Figure 10.

DCLK1 knockdown reduces α-Syn levels in human neurons derived from a patient with SNCA triplication. A, Representative IF images of GABA and βIII-tubulin staining in H9 neurons, clone NN0000049 (SNCA Triplication clone 1), clone NN0003871 (SNCA Triplication clone 2), and its respective isogenic control. B, Representative IF images of Vglut1 and MAP2 staining in H9 neurons, clone NN0000049 (SNCA Triplication clone 1), clone NN0003871 (SNCA Triplication clone 2), and its respective isogenic control.

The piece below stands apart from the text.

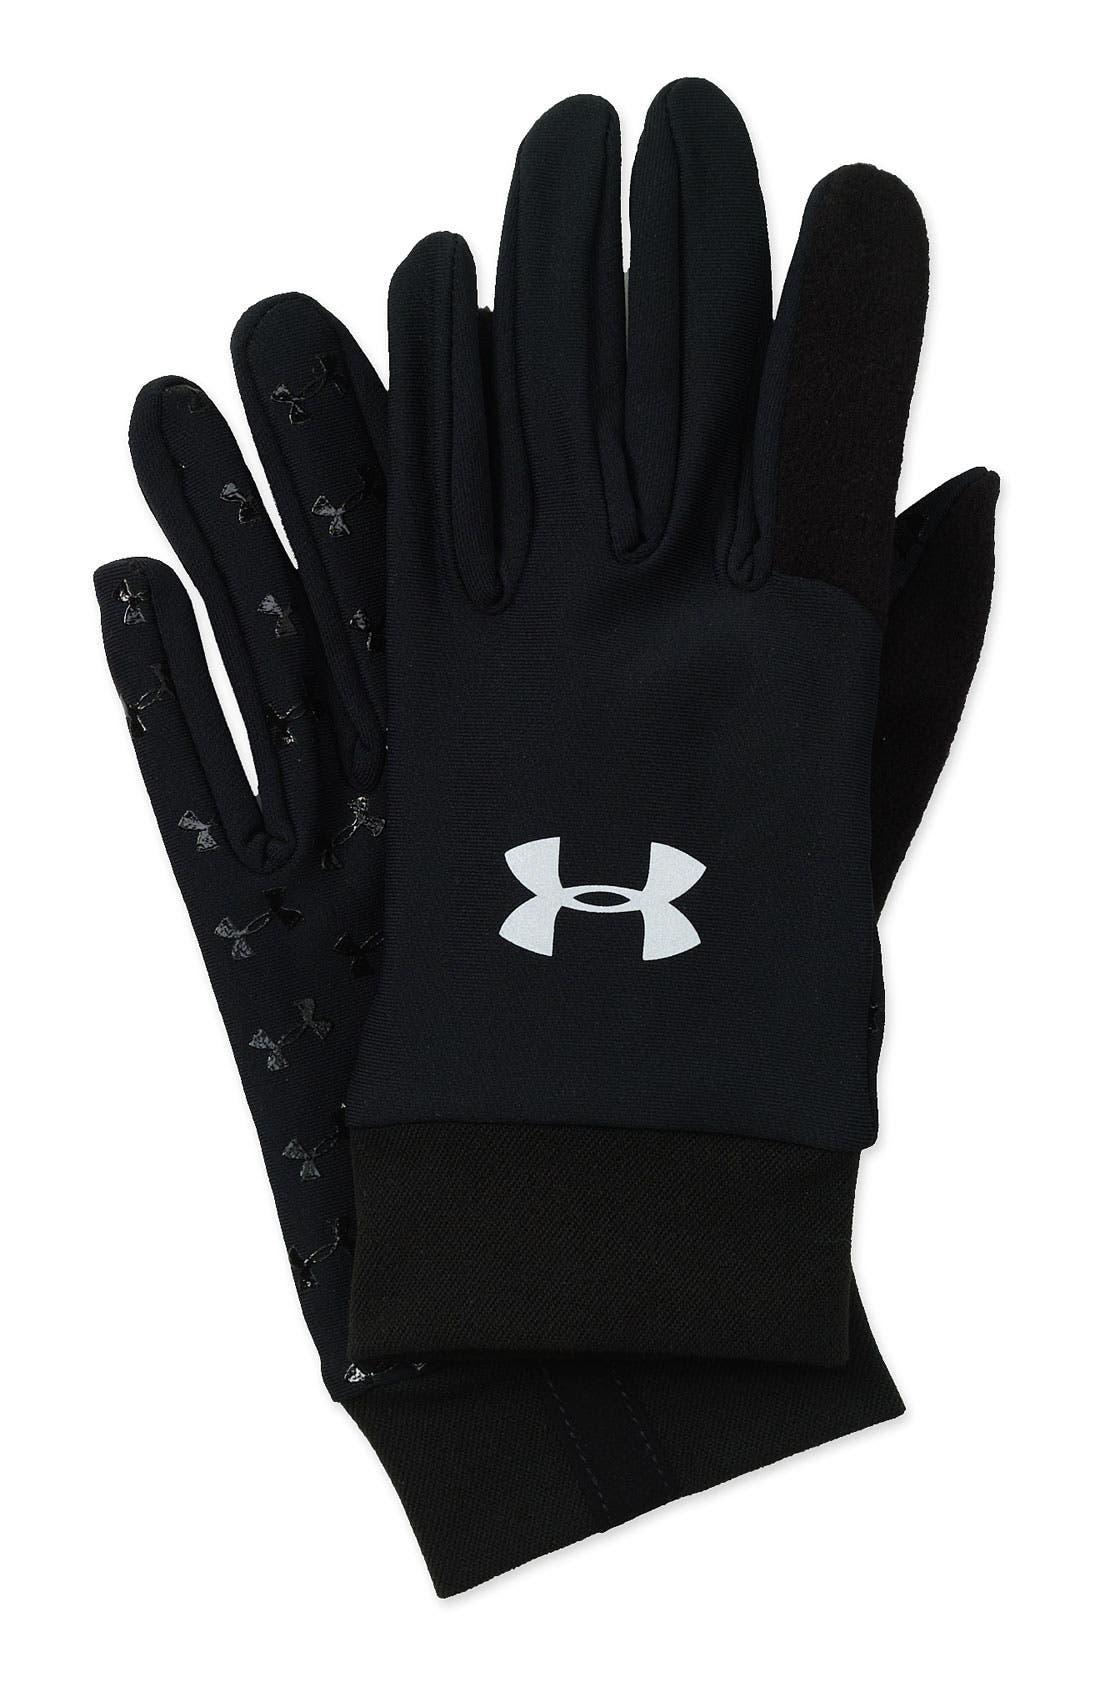 Main Image - Under Armour ColdGear® Liner Gloves
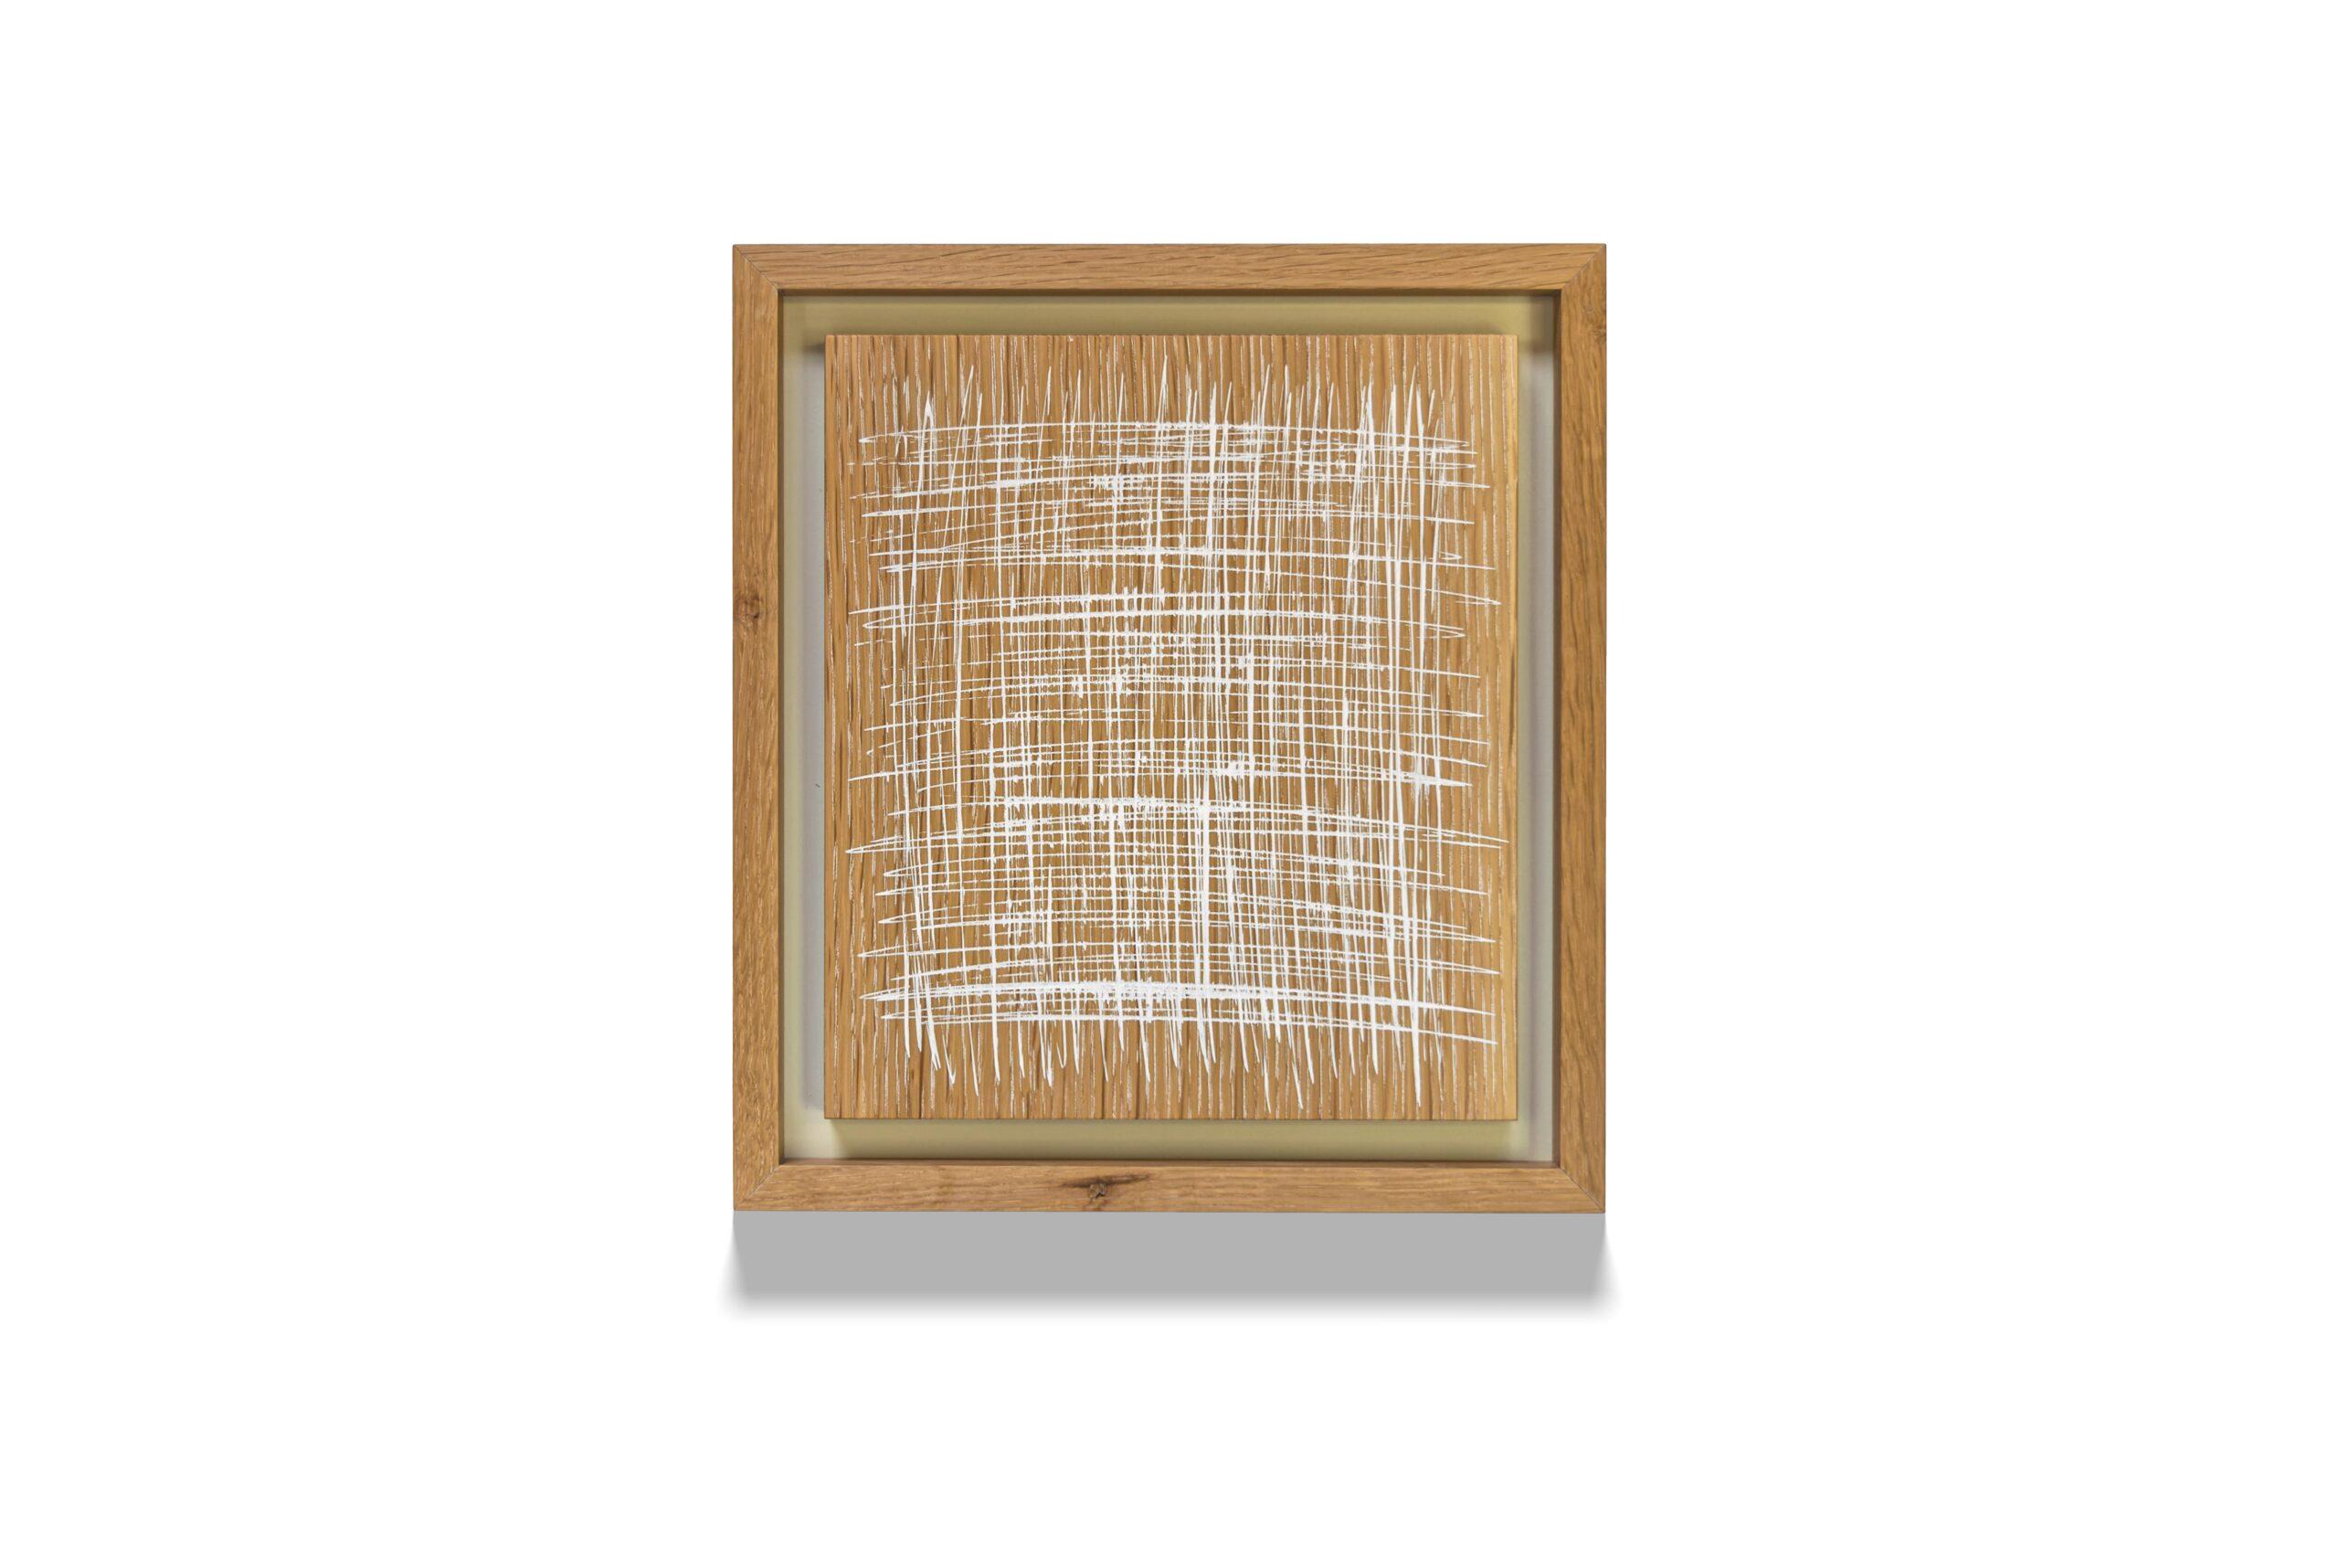 White Oak Skritch wood drawing

C, Measurement of RNA and protein SNCA levels of clone 1 of SNCA triplication patient neurons using qPCR and Western blotting after neuronal differentiation compared with H9 ESC-derived neurons. Both pS129 (D1RIR) and total α-Syn were measured (BD42) (RNA, Student's t test, t = 5.35, p = 0.0005; protein pS129-α-Syn, Student's t test, t = 4.326, p = 0.0035; human-α-Syn, Student's t test, t = 7.815, p < 0.0001). D, Measurement of RNA and protein SNCA levels of clone 2 using qPCR and Western blotting in directly converted neurons compared with their isogenic corrected control. Both pS129 (D1RIR) and total α-Syn were measured (BD42) (RNA, Student's t test, t = 3.333, p < 0.0157; protein pS129-α-Syn, Student's t test, t = 6.542, p < 0.0001; human-α-Syn, Student's t test, t = 8.138, p < 0.0001). E, Western blot measurement of pS129-α-Syn (D1RIR), total α-Syn (BD42), and DCLK1 levels in differentiated SNCA triplication patient (clone 1) neurons after shRNA-mediated DCLK1 knockdown (pS129-α-Syn, one-way ANOVA, F = 73.45, p < 0.0001; human-α-Syn, one-way ANOVA, F = 21.68, p < 0.0001; full-length DCLK1, F = 7.992, p = 0.0018; kinase domain, F = 53.49, p < 0.0001). Each data point represents independent sets of neurons. Error bars indicate SEM. One-way ANOVA, followed by Dunnett's multiple-comparisons test: NS ≥ 0.05; *p ≤ 0.05; **p ≤ 0.01; ***p ≤ 0.001; ****p ≤ 0.0001.